Further, when the (meth) acrylate of the component 1 is produced by a dehydration condensation reaction of a hydrogenated polyolefin polyol with (meth)acrylic acid, the hydrogenated polyolefin polyol and the (meth)acrylic acid are used in the esterification catalyst. In the presence of the heat-dehydration reaction, the (meth) acrylate of the component 1 is produced. However, when the reaction is carried out by heating at a high temperature of 150 ° C or higher, there is a risk of causing radical polymerization of the acrylonitrile group in the dehydration condensation reaction. Therefore, the esterification reaction is generally carried out in the presence of a solvent such as cyclohexane or toluene which can be azeotroped with water, and the water formed by the dehydration condensation reaction is removed by azeotroping the solvent with water. Outside the reactor. The catalyst used in the esterification reaction may be p-toluene. An acid catalyst such as sulfonic acid.

As described above, as a method for producing the (meth) acrylate of the component 1, there is a method of transesterifying a hydrogenated polyolefin polyol with a (meth) acrylate, and a hydrogenated polyolefin polyol and (meth) Two methods of the method for dehydration condensation reaction of acrylic acid, but may be simplified without the use of a solvent, or may be carried out without purification step or even purification, industrially, hydrogenated polyolefin polyol and (meth)acrylic acid A method of producing a (meth) acrylate of the component 1 by transesterification of an ester is preferred.

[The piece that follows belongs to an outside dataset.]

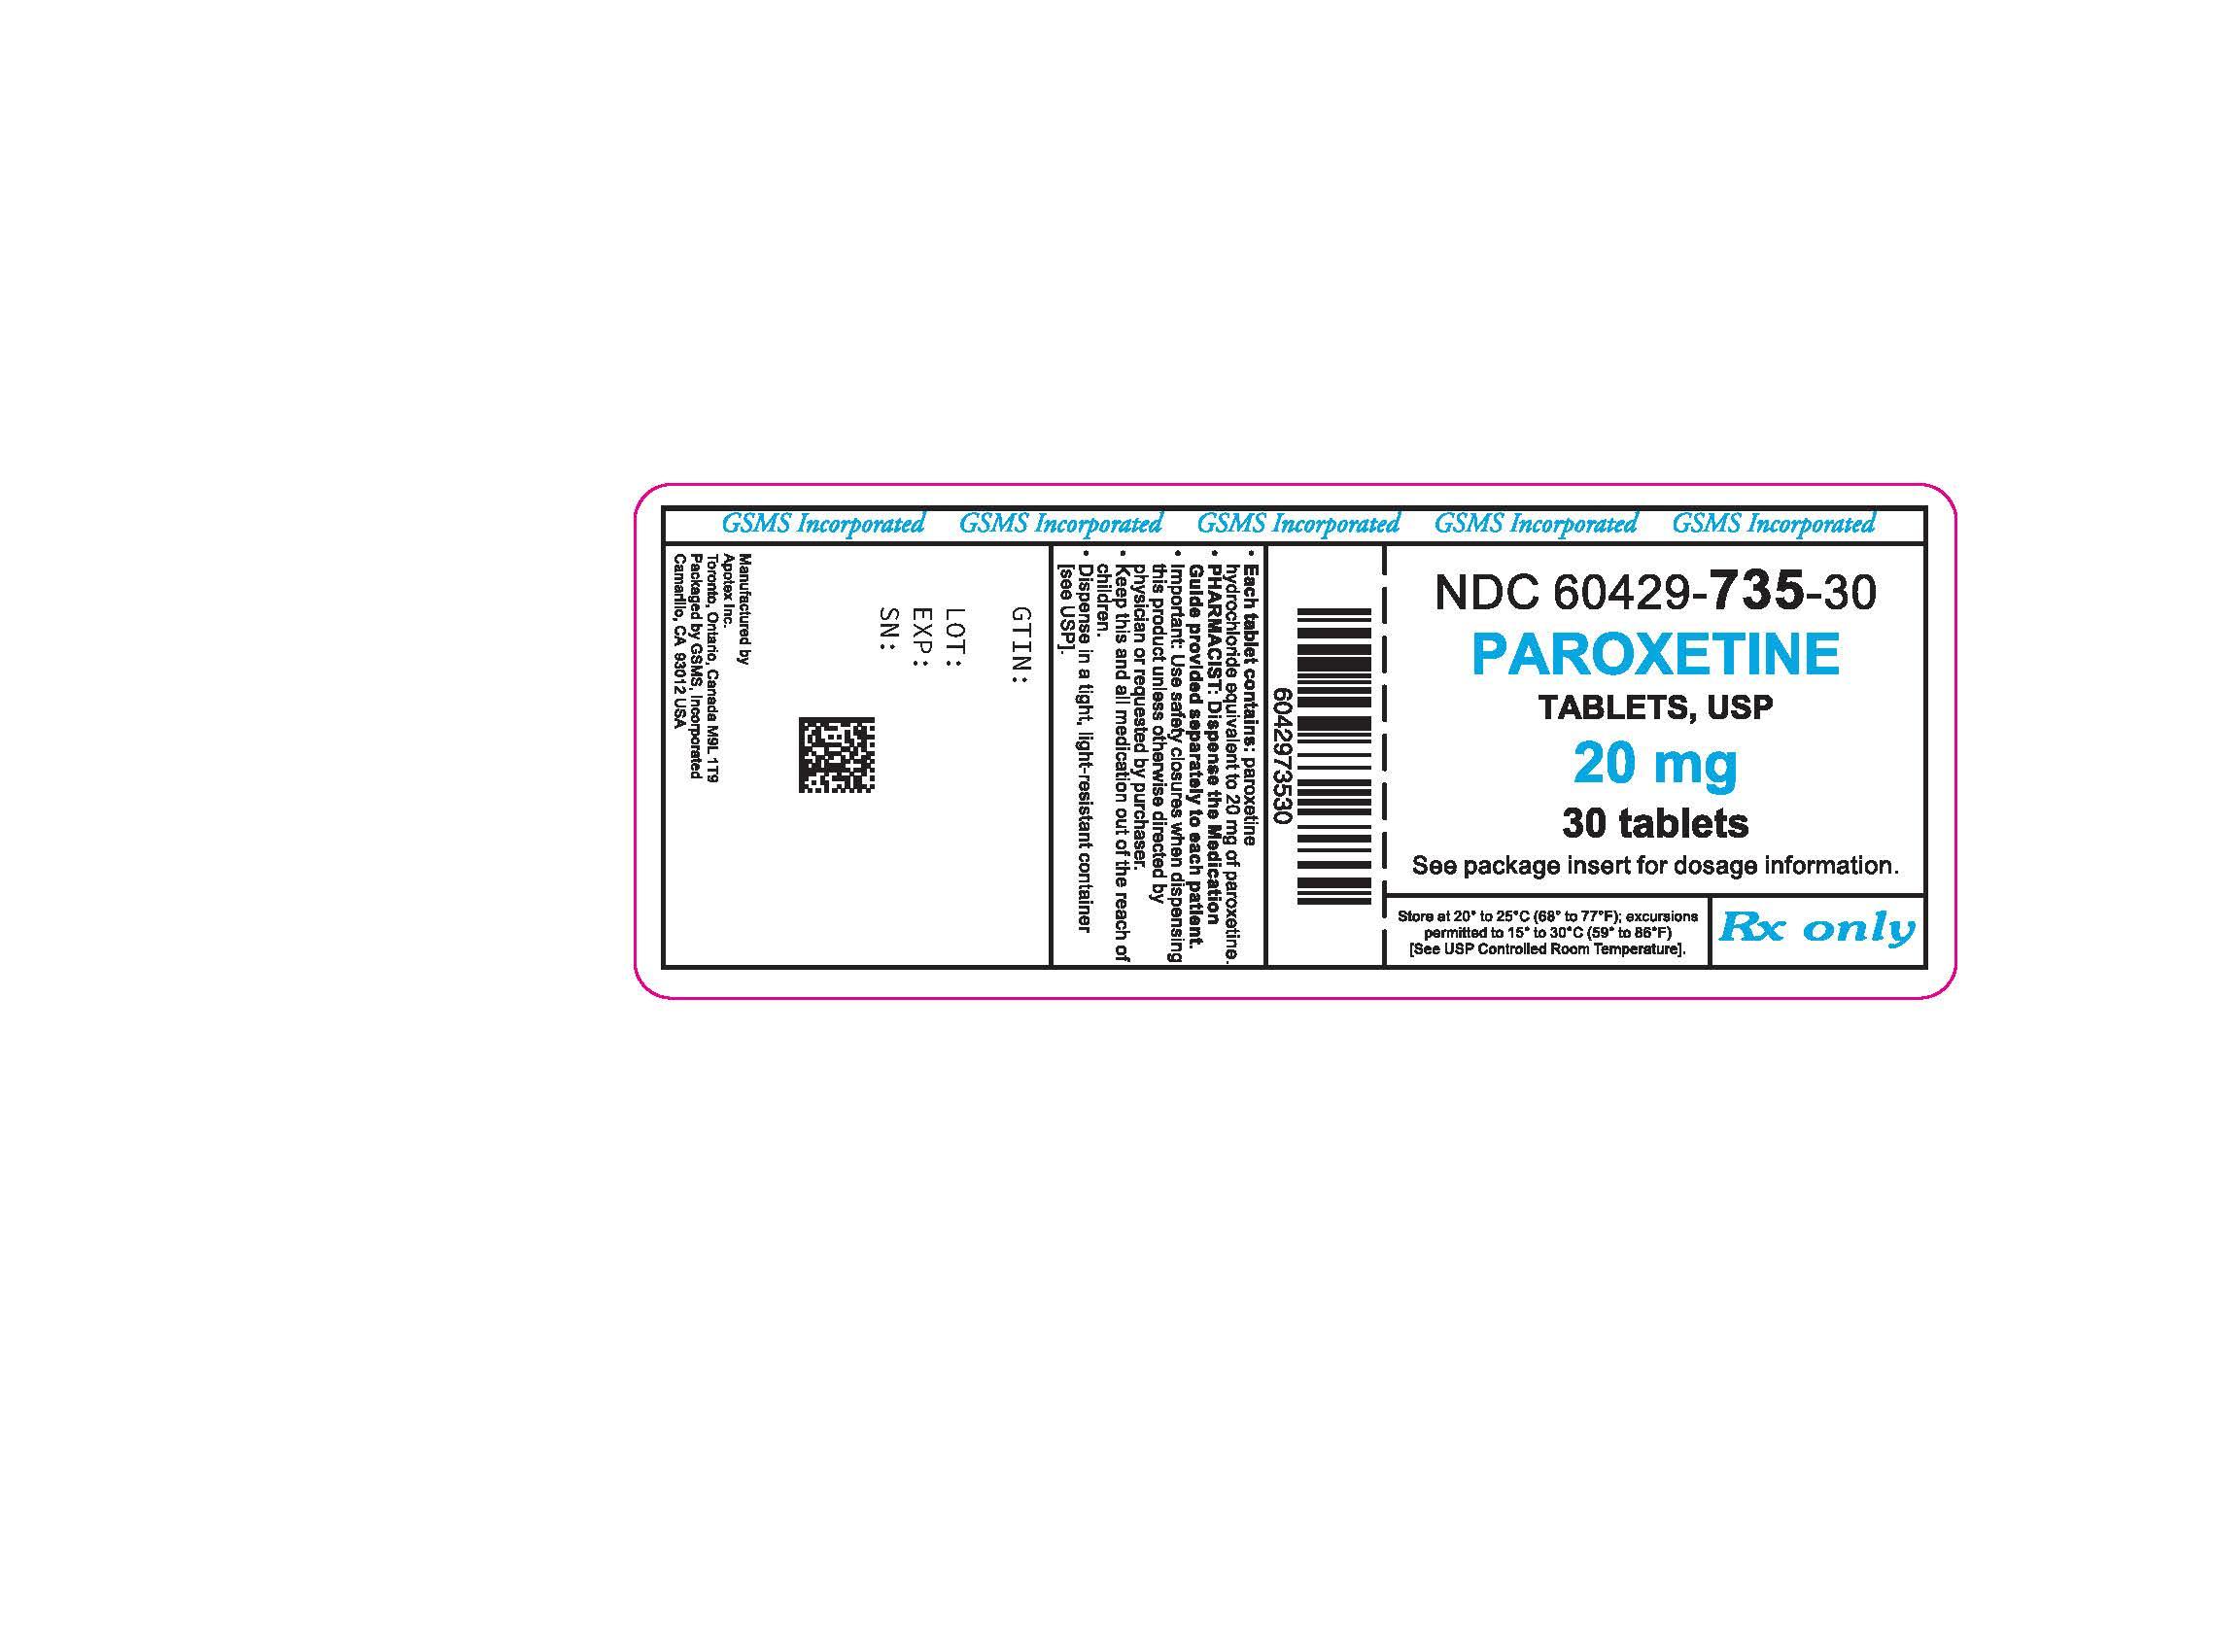 60429-735-30LB - PAROXETINE HCL 20MG TABS.jpg

In the amount of the component 1 used in the embodiment (I) of the present invention, the total amount of the component 1 and the component 2 which are essential components of the embodiment (I) of the present invention is preferably 20 to 80% by mass, and preferably 25 ~75 mass% is more preferable, and 30 to 70 mass% is particularly preferable.

In the amount of the component 1 used in the embodiment (I) of the present invention, the total amount of the component 1 and the component 2 which are essential components of the embodiment (I) of the present invention is less than 20% by mass, and the present invention is polymerized. The coating film strength of the polymer obtained by the polymerizable composition of the embodiment (I) is lowered, or the dielectric constant of the polymer obtained by polymerizing the polymerizable composition is not high. In addition, when the amount of the component 1 used in the embodiment (I) of the present invention is more than 80% by mass based on the total amount of the component 1 and the component 2 which are essential components of the embodiment (I) of the present invention, In the case where the viscosity of the polymerizable composition of the embodiment (I) of the invention is increased, it is not preferable.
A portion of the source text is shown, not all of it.